• _Aim of the task_
Among the entries below, find the lines with "break" and copy them.

• _Provided records_
"""

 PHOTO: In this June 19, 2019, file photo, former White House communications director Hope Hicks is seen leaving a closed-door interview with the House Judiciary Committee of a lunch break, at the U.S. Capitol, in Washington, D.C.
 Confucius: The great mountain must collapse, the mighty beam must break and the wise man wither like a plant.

"""
"""

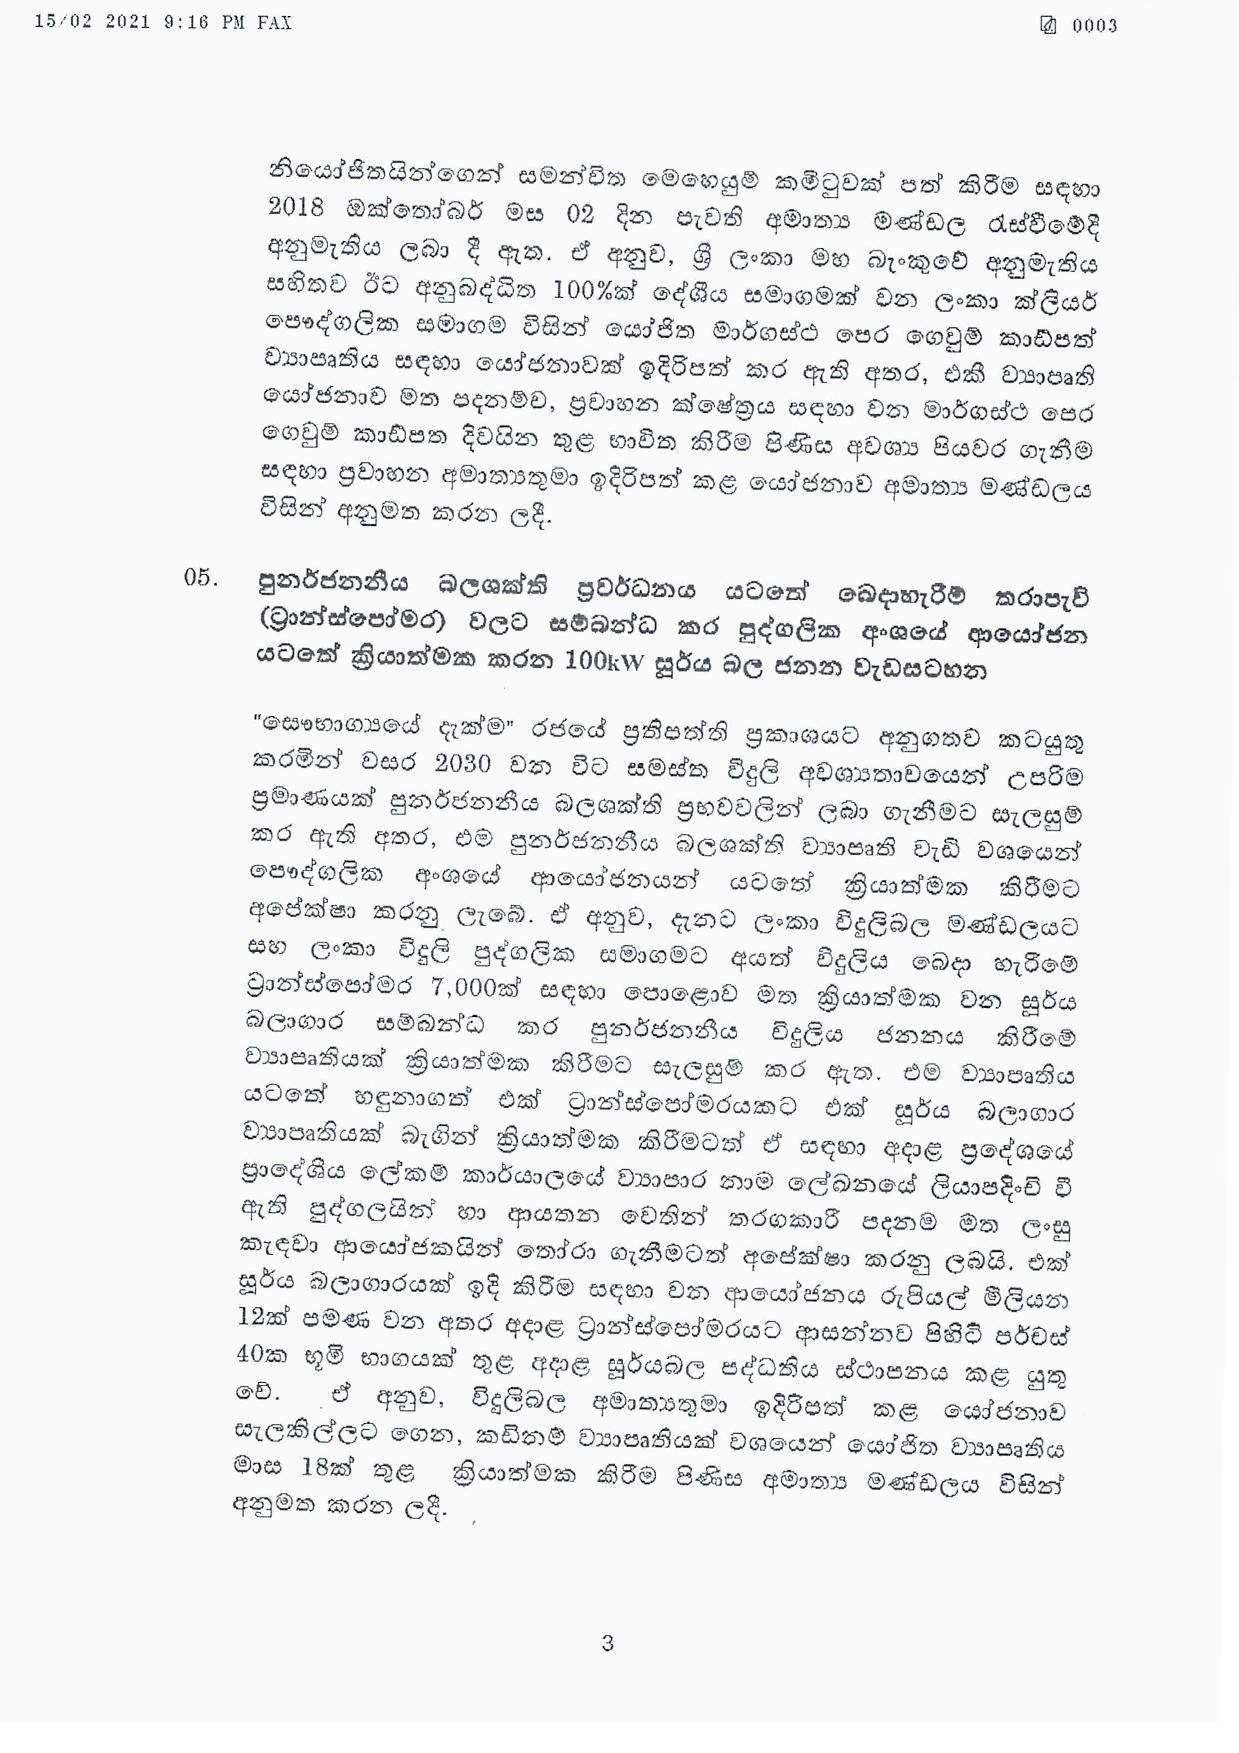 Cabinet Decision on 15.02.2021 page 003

"""
"""

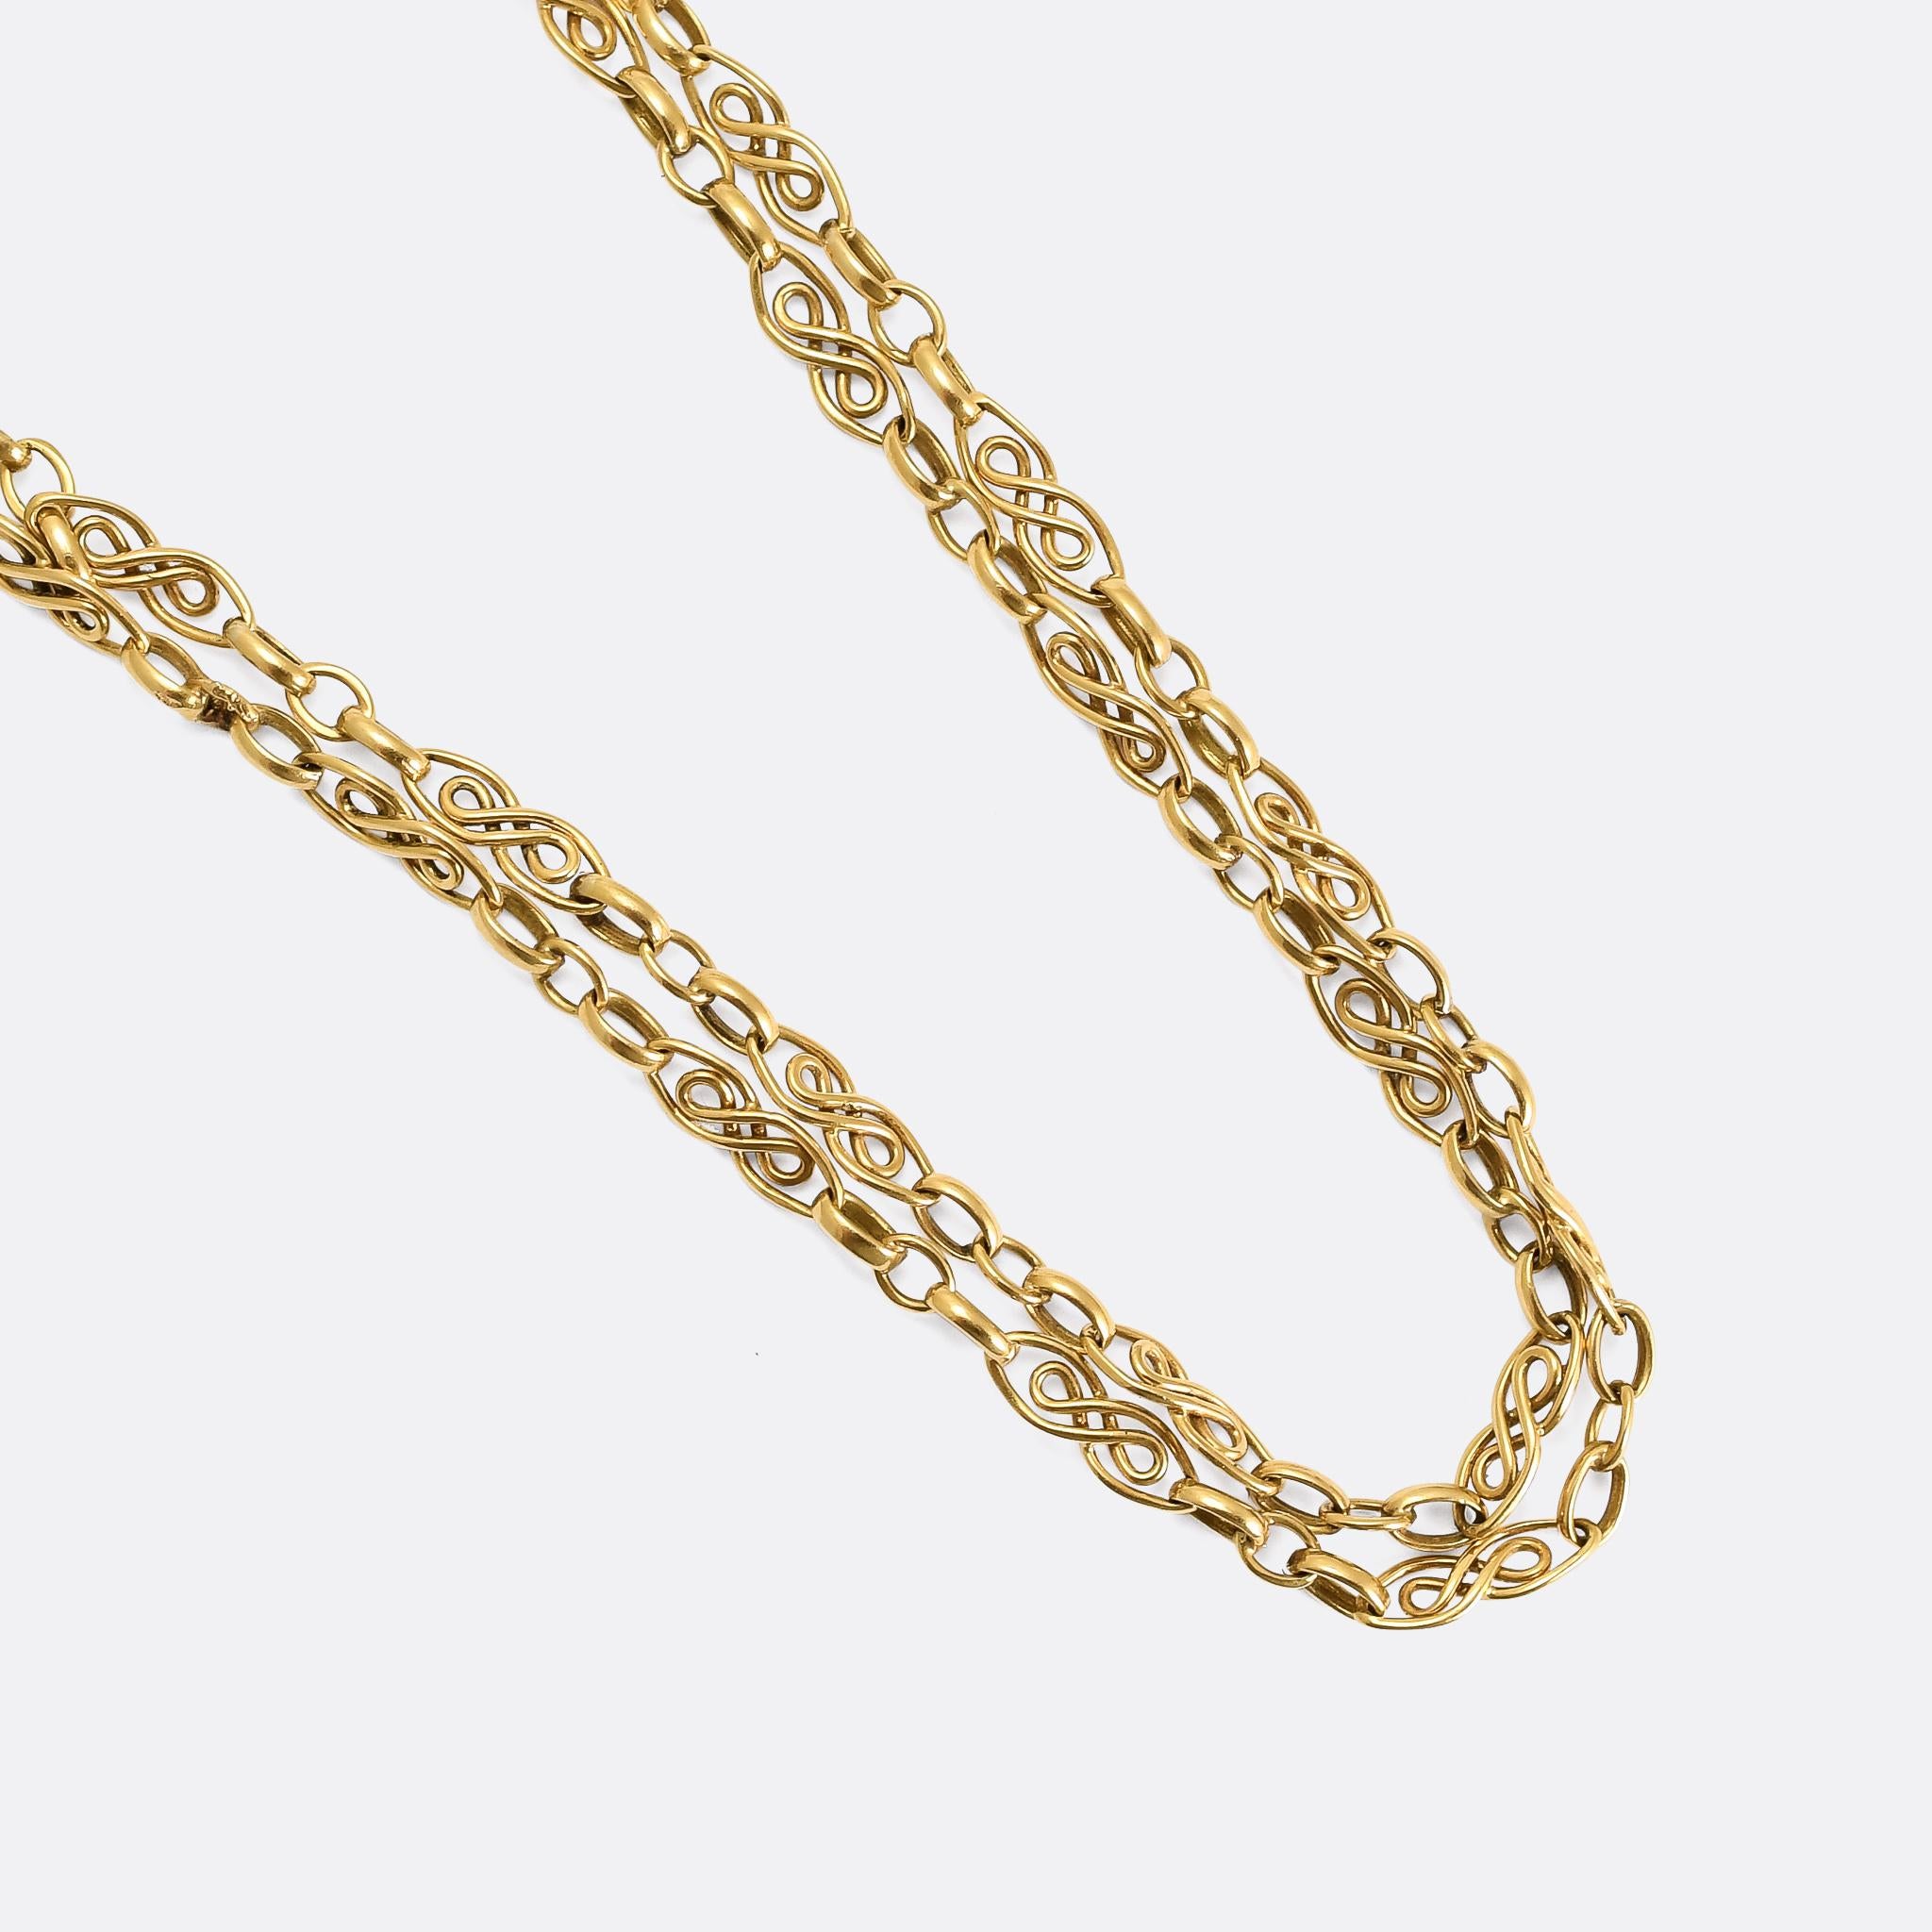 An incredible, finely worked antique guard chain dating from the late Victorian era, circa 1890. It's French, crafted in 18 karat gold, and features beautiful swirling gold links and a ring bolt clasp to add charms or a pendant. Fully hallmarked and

"""

• _Written reply_
 PHOTO: In this June 19, 2019, file photo, former White House communications director Hope Hicks is seen leaving a closed-door interview with the House Judiciary Committee of a lunch break, at the U.S. Capitol, in Washington, D.C.
 Confucius: The great mountain must collapse, the mighty beam must break and the wise man wither like a plant.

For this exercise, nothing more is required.